Description of the task: Please return the data that follows precisely as written, but without the images.

Supplied data:
┌──
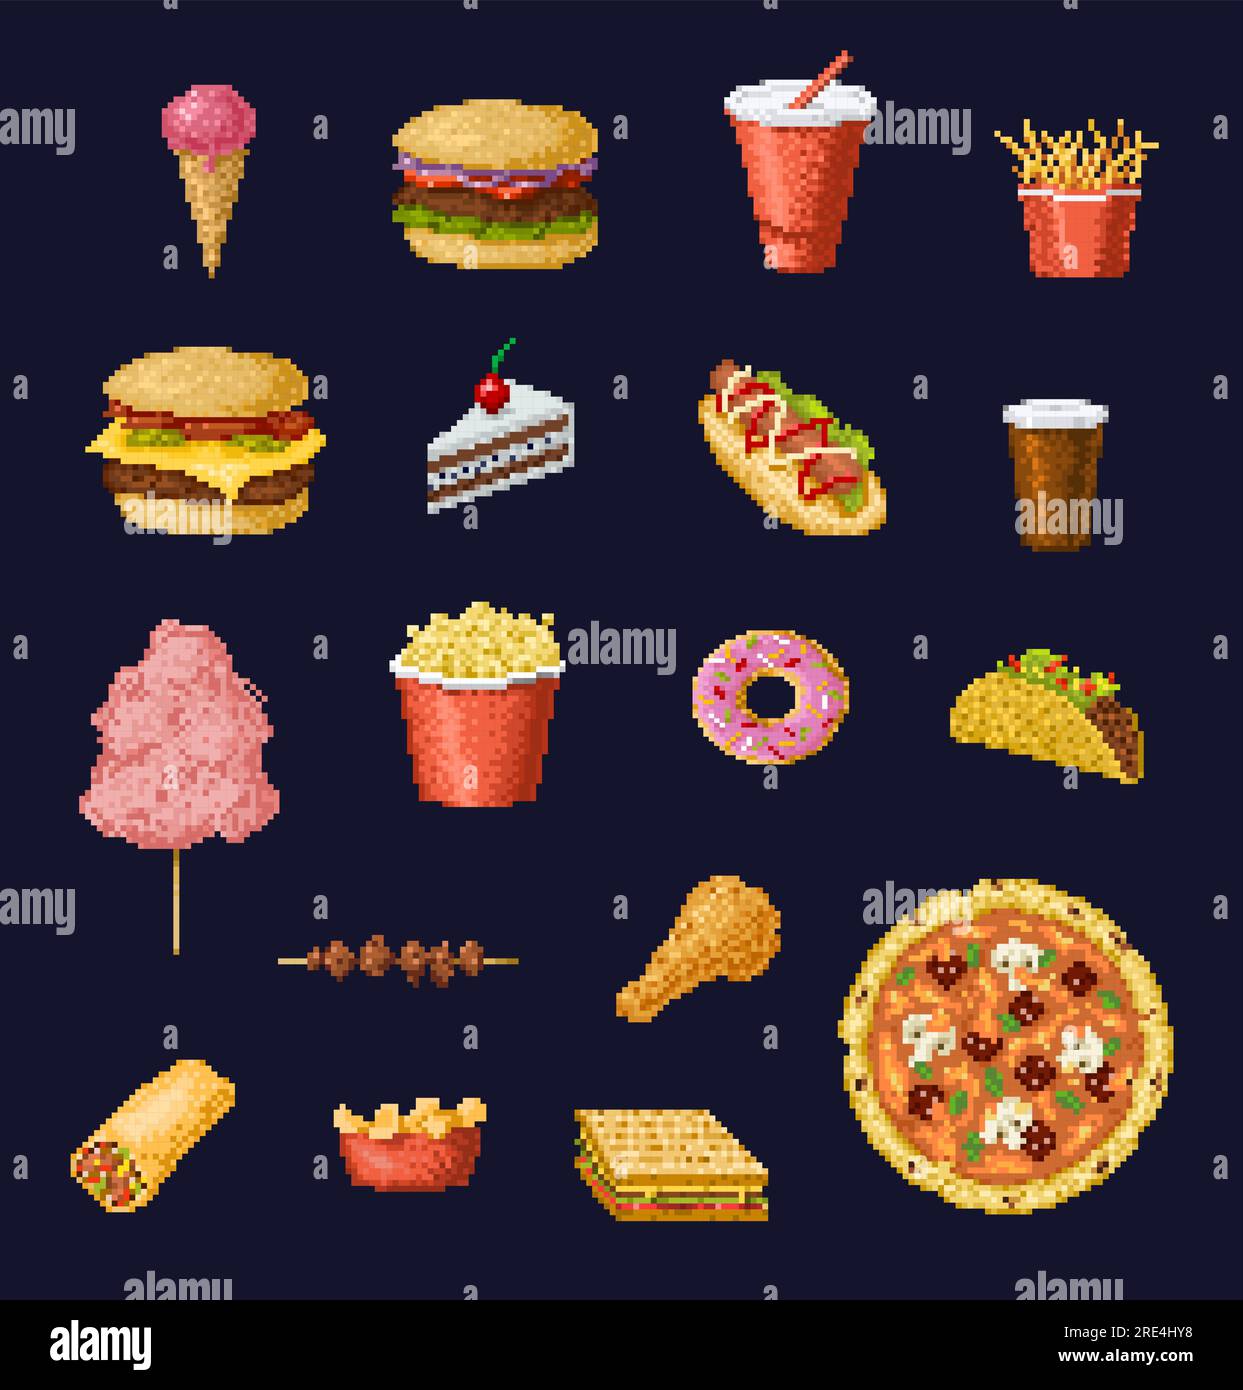 pixel art celular pedindo hambúrguer e batatas fritas no ícone de vetor de  aplicativo de comida para jogo de 8 bits em fundo branco 16137194 Vetor no  Vecteezy
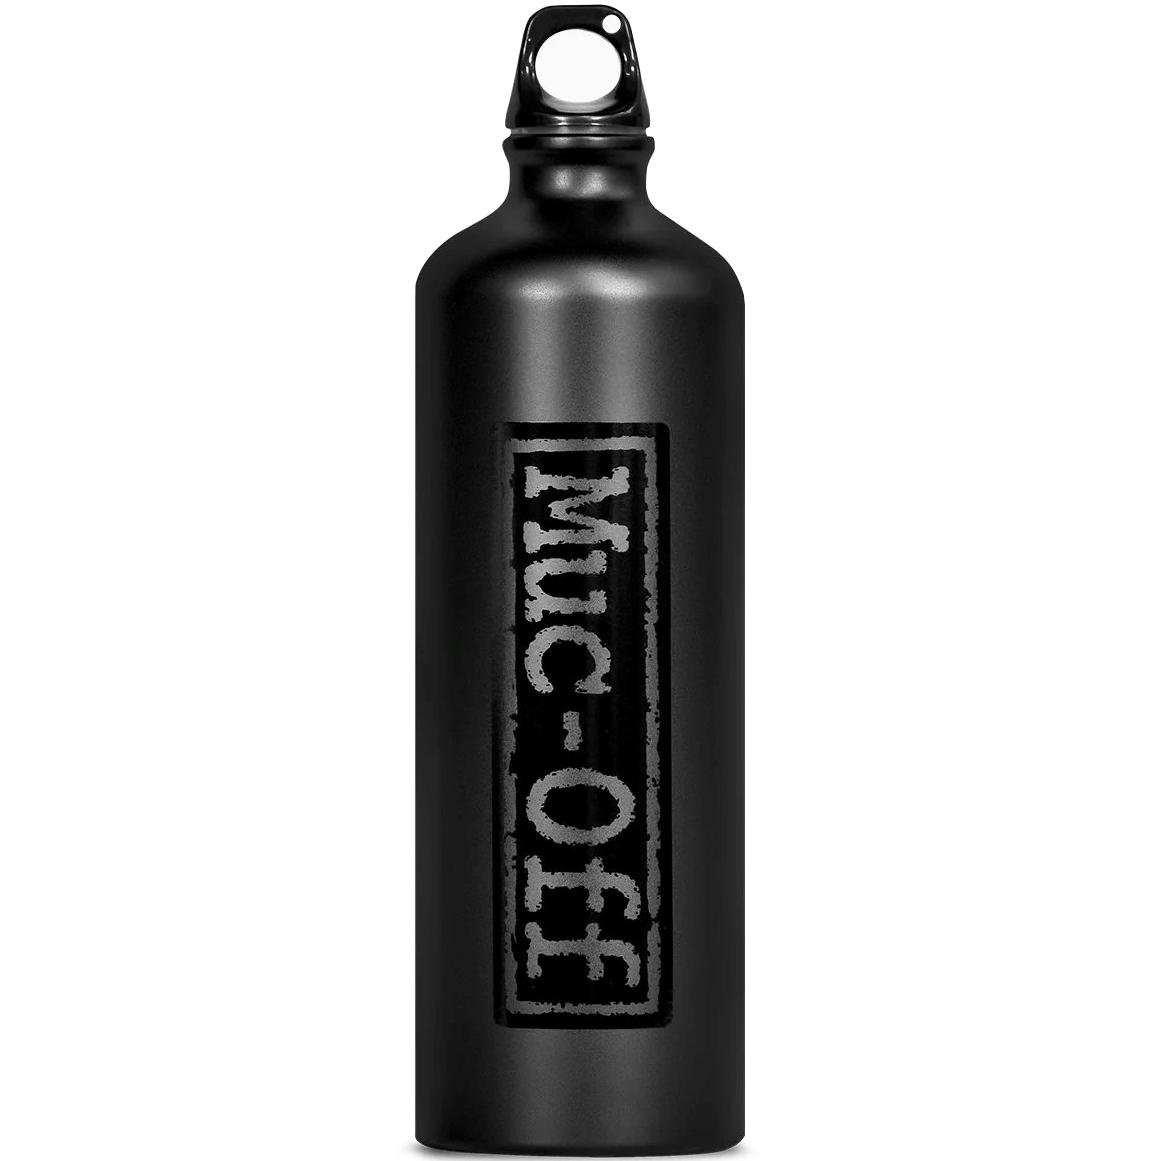 Produktbild von Muc-Off Project Green Aluminium Flasche - schwarz
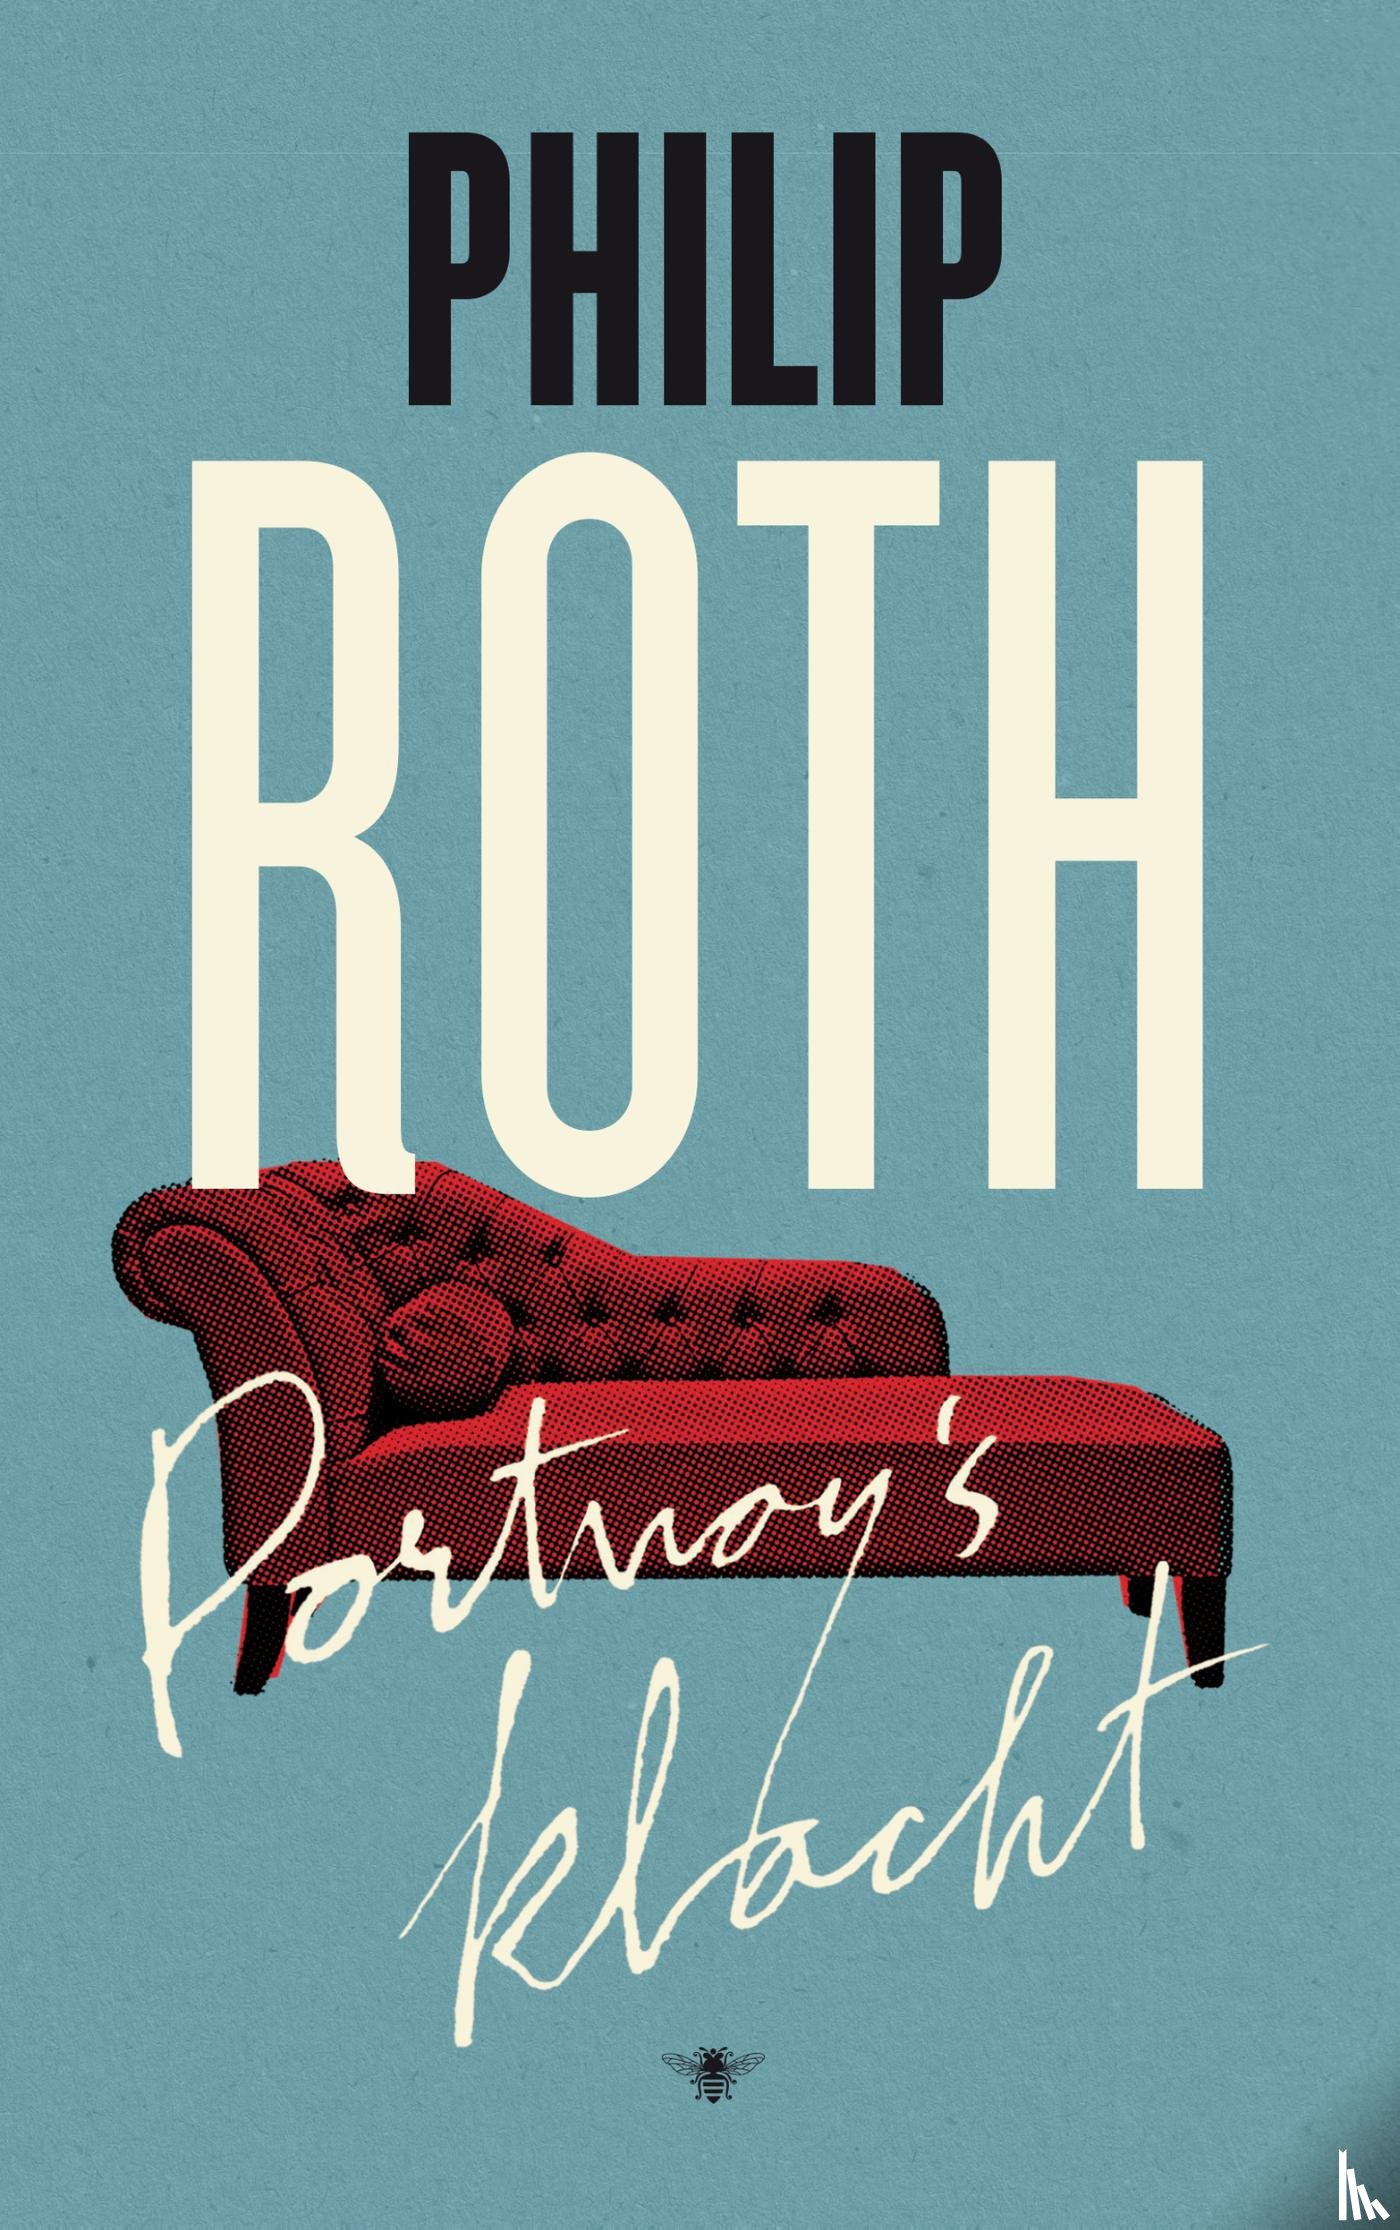 Roth, Philip - Portnoy's klacht
└──
Solution:
 pixel art celular pedindo hambúrguer e batatas fritas no ícone de vetor de  aplicativo de comida para jogo de 8 bits em fundo branco 16137194 Vetor no  Vecteezy
 Produktbild von Muc-Off Project Green Aluminium Flasche - schwarz
 Roth, Philip - Portnoy's klacht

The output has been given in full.